Let $A\in M_n(\Bbb R)$ prove that, $\|A^n\|\le \frac{n}{\ln 2}\|A\|^{n-1}$ when $\lambda_i<1.$
Solution 1:
Let $r=\|A\|$.We have to prove $\|A^n\|\le{n \over \ln2}r^{n-1}$.
Since we know $\|XY\|\le\|X\|.\|Y\|$ for any matrices $X,Y$ thus it's easy to see that $\|A^k\|\le\|A\|^k=r^k,k\in Z^+$.

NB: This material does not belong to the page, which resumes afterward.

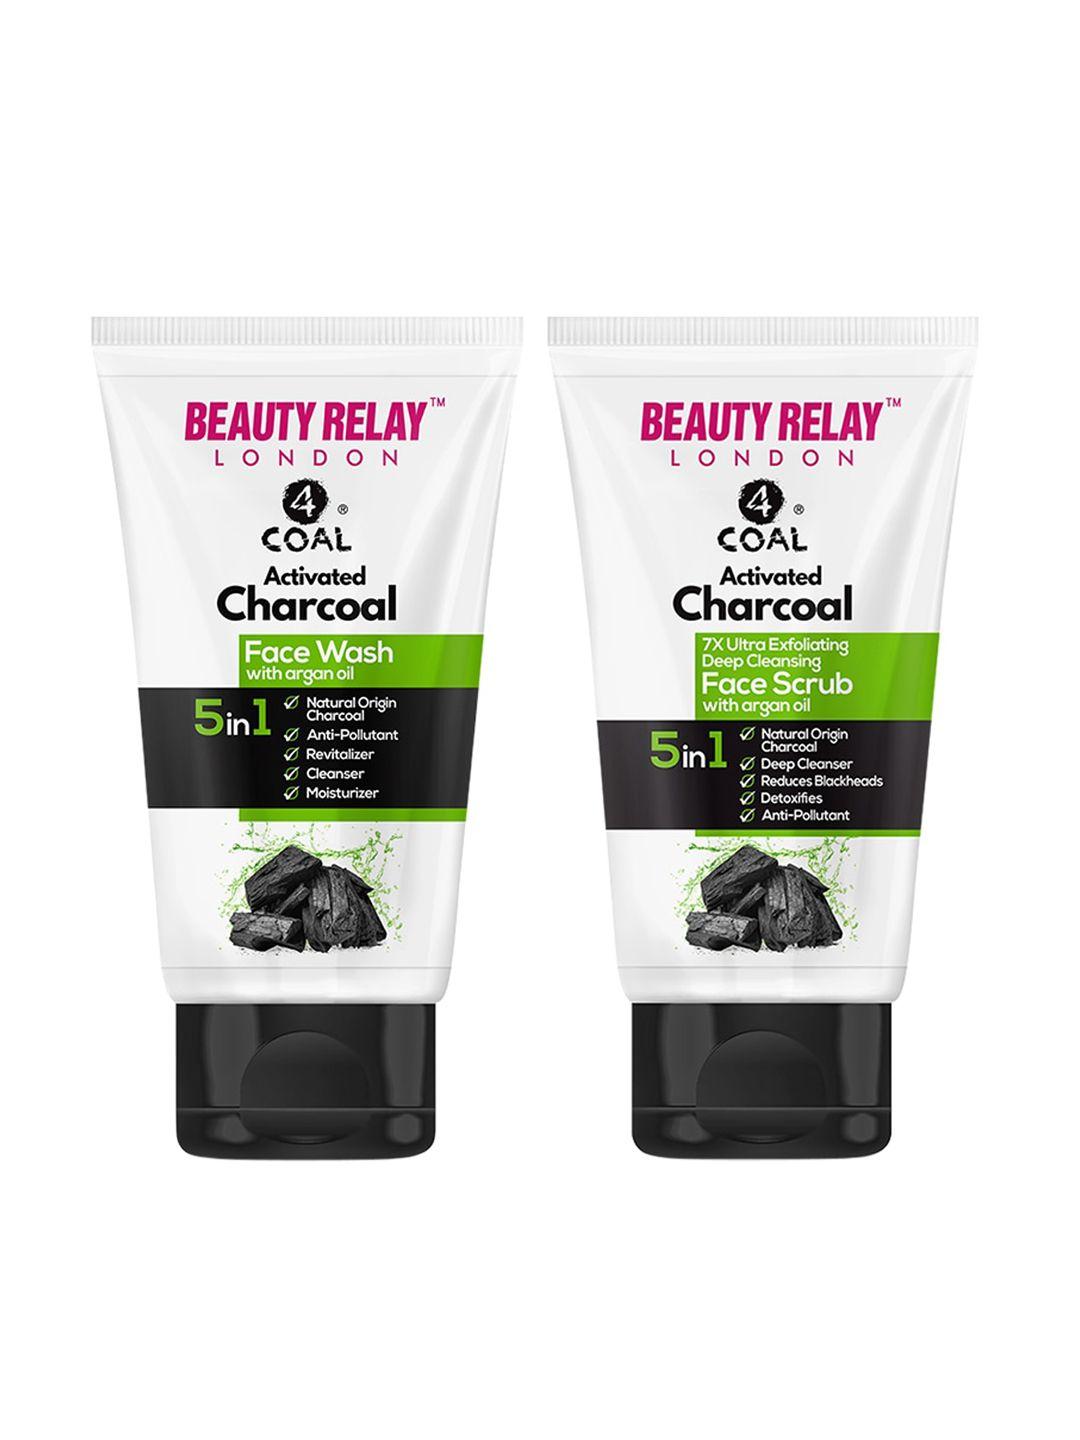 beautyrelay london 4coal activated charcoal face wash & scrub 200ml - buy 1 get 1 free

Let $f(t)=(t-\lambda_1)(t-\lambda_2)\cdots(t-\lambda_n)=t^n+c_1t^{n-1}+\cdots+c_n $ be the characteristic polynomial of $A$. Using Vieta's formula we ob tain:
$$|c_k|=|\sum_{1\le i_1 \cdots\le i_k \le n} \lambda_1\cdots\lambda_k|\le\sum_{1\le i_1 \cdots\le i_k \le n} |\lambda_1\cdots\lambda_k| \le \binom {n} {k},1\le k \le n$$
Cayley-Hamilton theorem indicates that $f(A)=0$ , so: $$\|A^n\|=\|c_1A^{n-1}+\cdots+c_n\|\le \sum_{k=1}^{n}\binom {n} {k}\|A^k\|\le \sum_{k=1}^{n}\binom {n} {k}r^k=(1+r)^n-r^n$$
Combining this with the trivial estimate $\|A^n\|\le r^n$, so we get:
$$\|A^n\|\le \min(r^n,(1+r)^n-r^n).$$
Let $r_0={1 \over {2^{1 \over n}-1}}$ it is easy to check that two bounds are equal if $r_0=r$,moreever:
$$r_0={1 \over {e^{\ln2 \over n}}-1}< {n\over \ln2}$$
For $r\le r_0$ apply the trivial bound:
$$\|A^n\|\le r^n\le r_0.r^{n-1} \le {n\over \ln2} r^{n-1}$$
For $r>r_0$ we have :
$$\|A^n\|\le (1+r)^n-r^n=r^{n-1}.{{(1+r)^n-r^n}\over {r^{n-1}}}$$
Now the function $g(r)={{(1+r)^n-r^n}\over {r^{n-1}}}$ is decreasing because the numerator has degree $n-1$ and all coeffcients are positive, so:
$${{(1+r)^n-r^n}\over {r^{n-1}}} < {{(1+r_0)^n-{r_0}^n}\over {{r_0}^{n-1}}}=r_0((1+{1\over r_0})^n-1)=r_0 < {n \over \ln2}$$
so $\|A^n\|\le{n \over \ln2}r^{n-1}$.